EXERCISE:
From the line containing "Bride Portrait at Blue Valley Vineyard" down to the last line of the listing, quote everything word for word, and nothing else, keeping pictures out.

[SOURCE DATA — start]

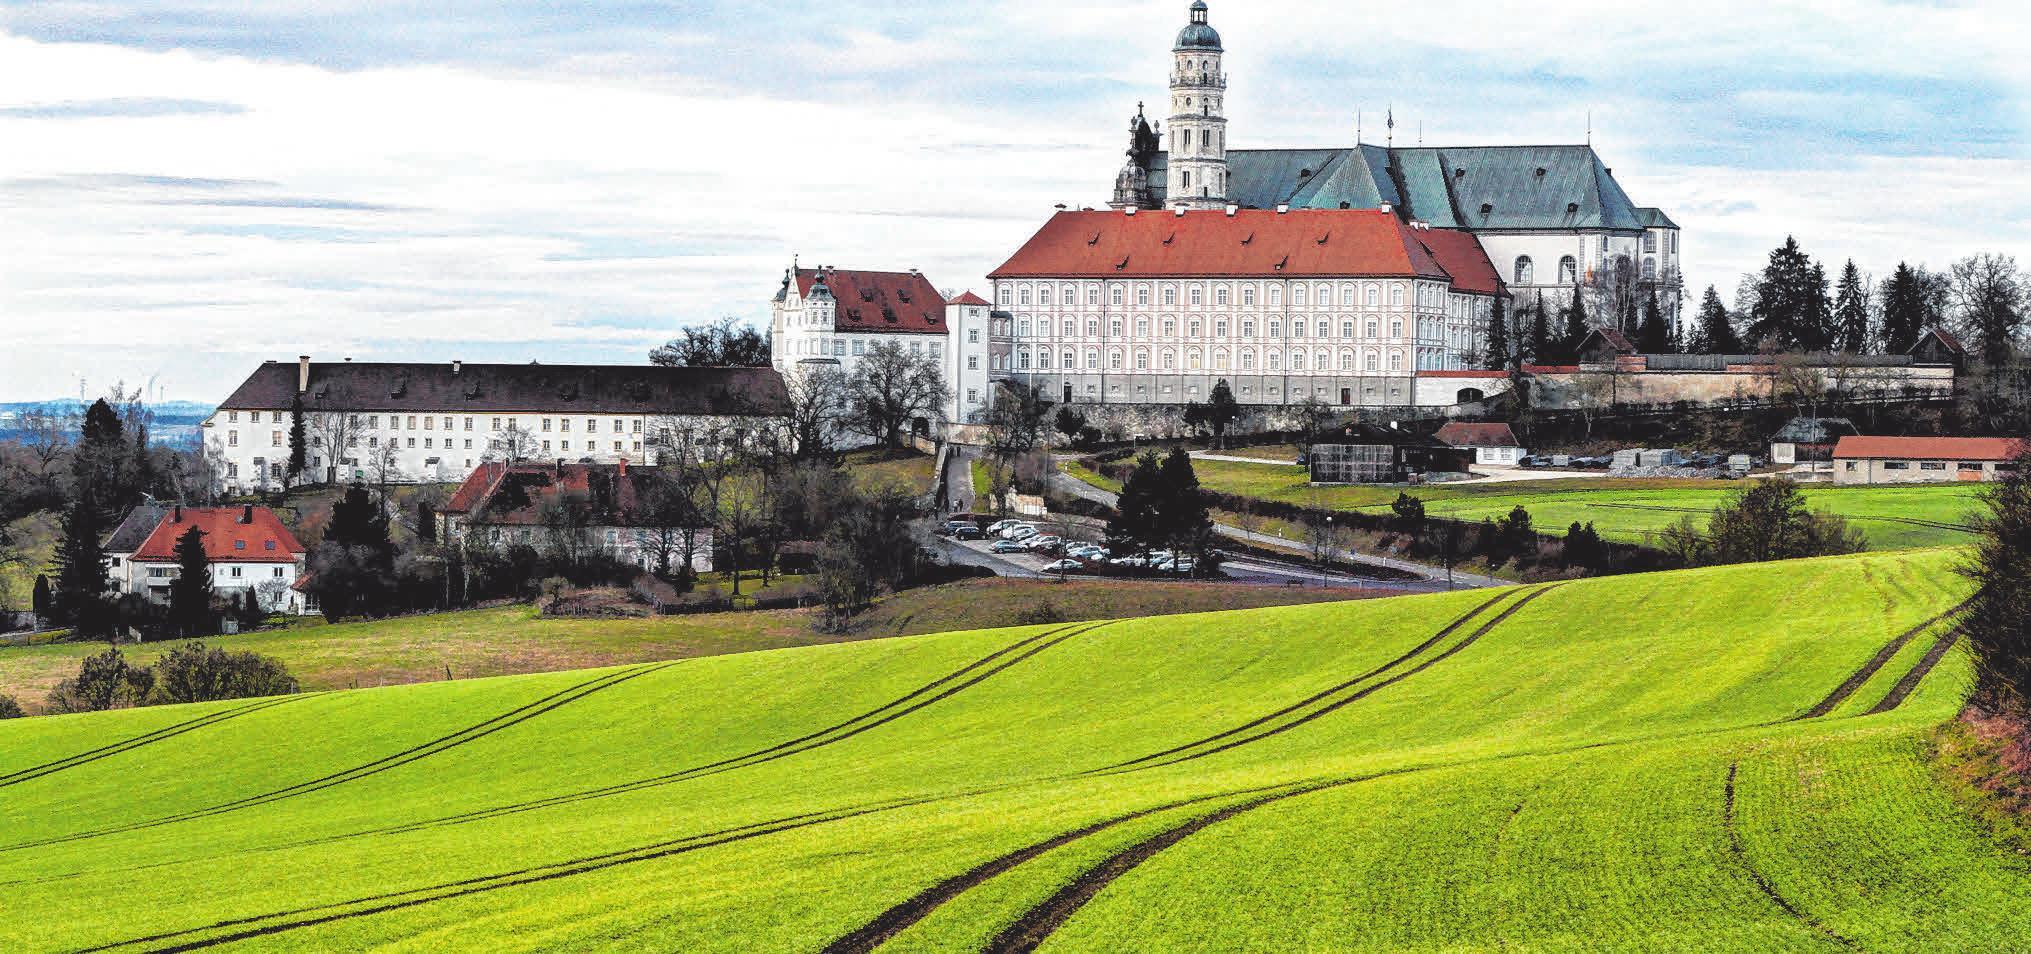 Das Kloster Neresheim liegt auf einem Hügel oberhalb der Stadt. Rund um die Abtei gibt es eine Vielzahl von Wanderwegen. Im Klosterhospiz kann man einkehren und es sich gut gehen lassen.
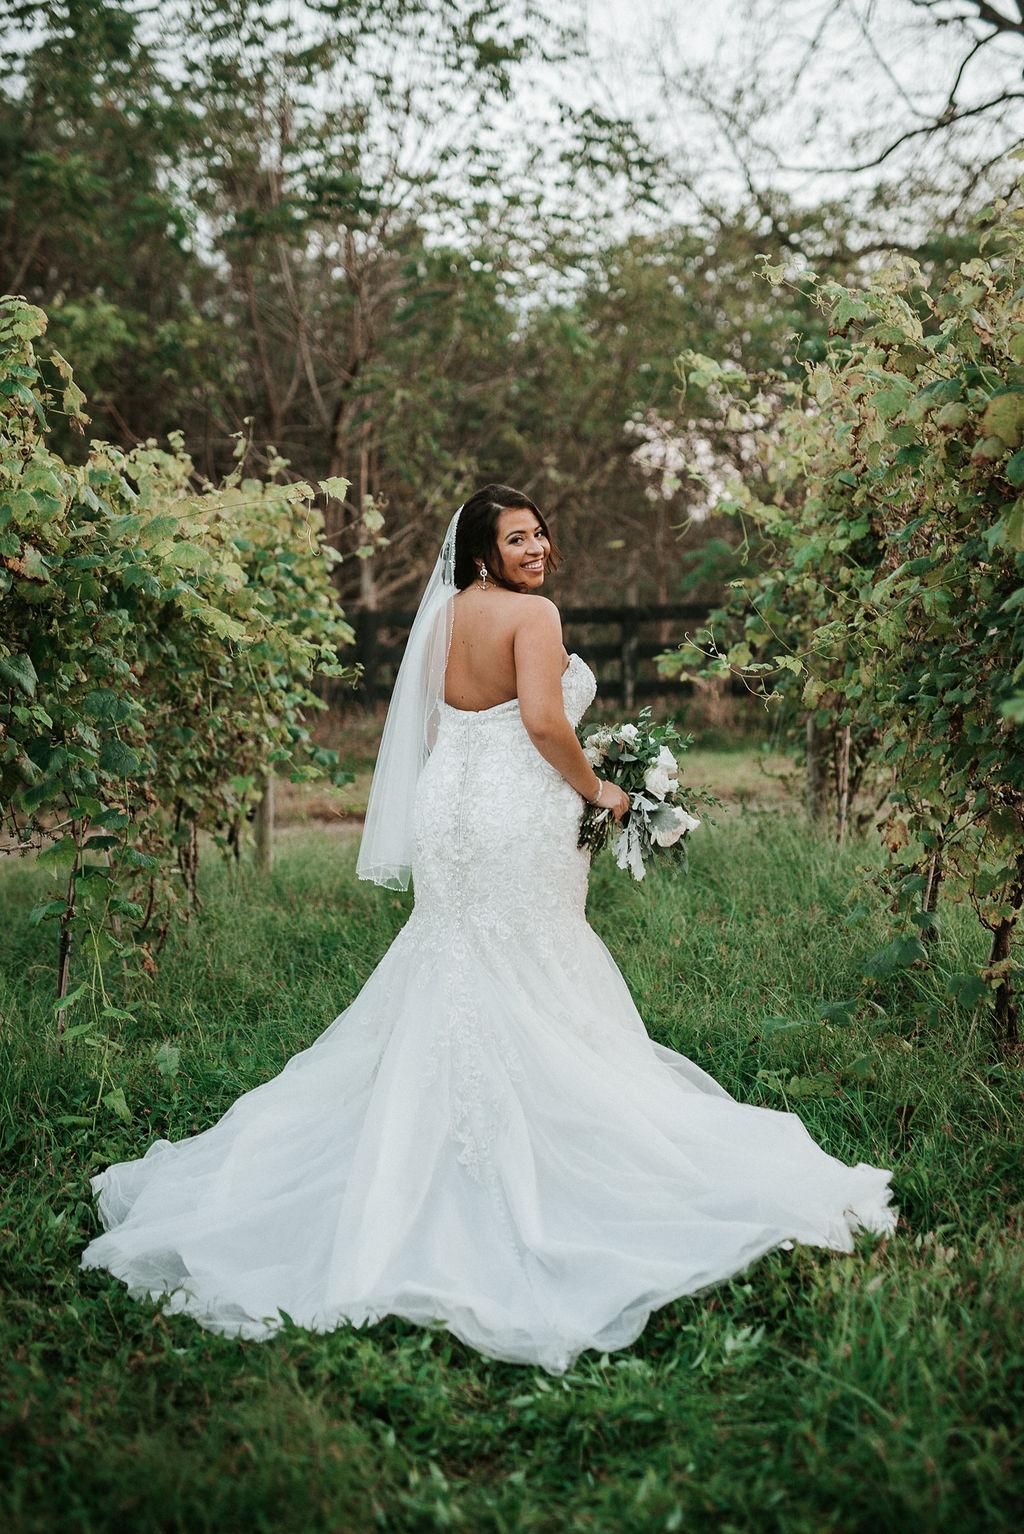 Bride Portrait at Blue Valley Vineyard
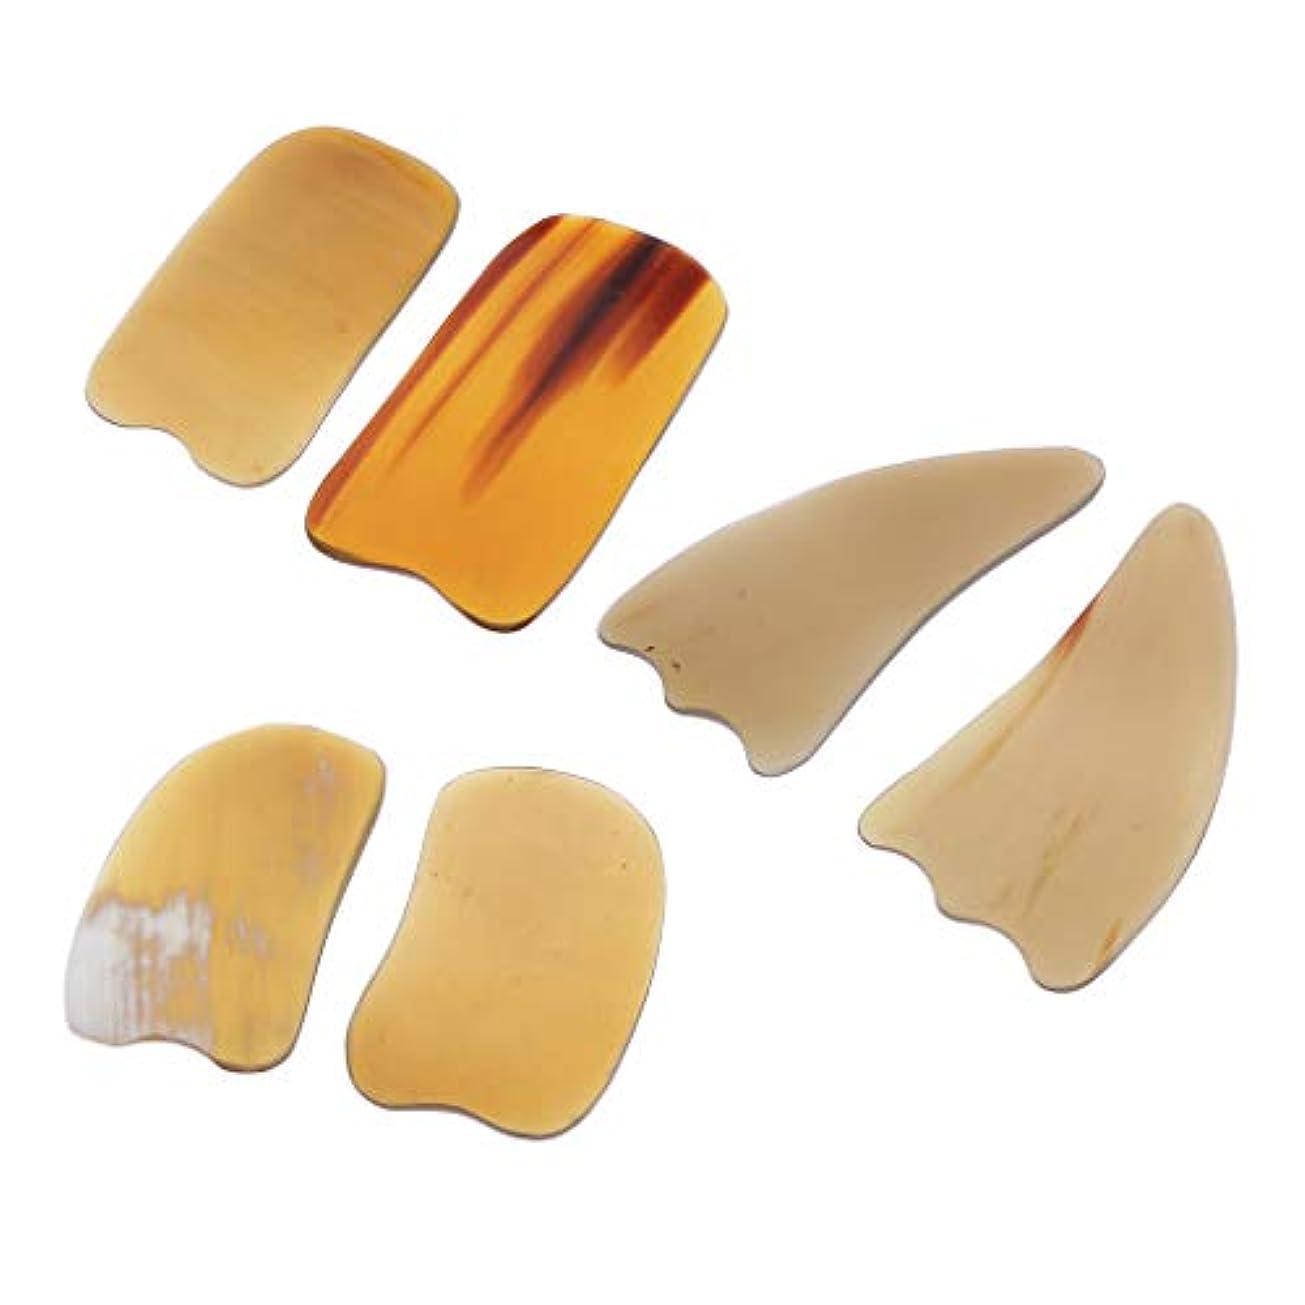 アートモンク現代のマッサージ スクレイピングボード ボディマッサージ 角形 滑らかな スパマッサージツール

[SOURCE DATA — finish]

ANSWER TO THIS PROBLEM:
 Bride Portrait at Blue Valley Vineyard
 アートモンク現代のマッサージ スクレイピングボード ボディマッサージ 角形 滑らかな スパマッサージツール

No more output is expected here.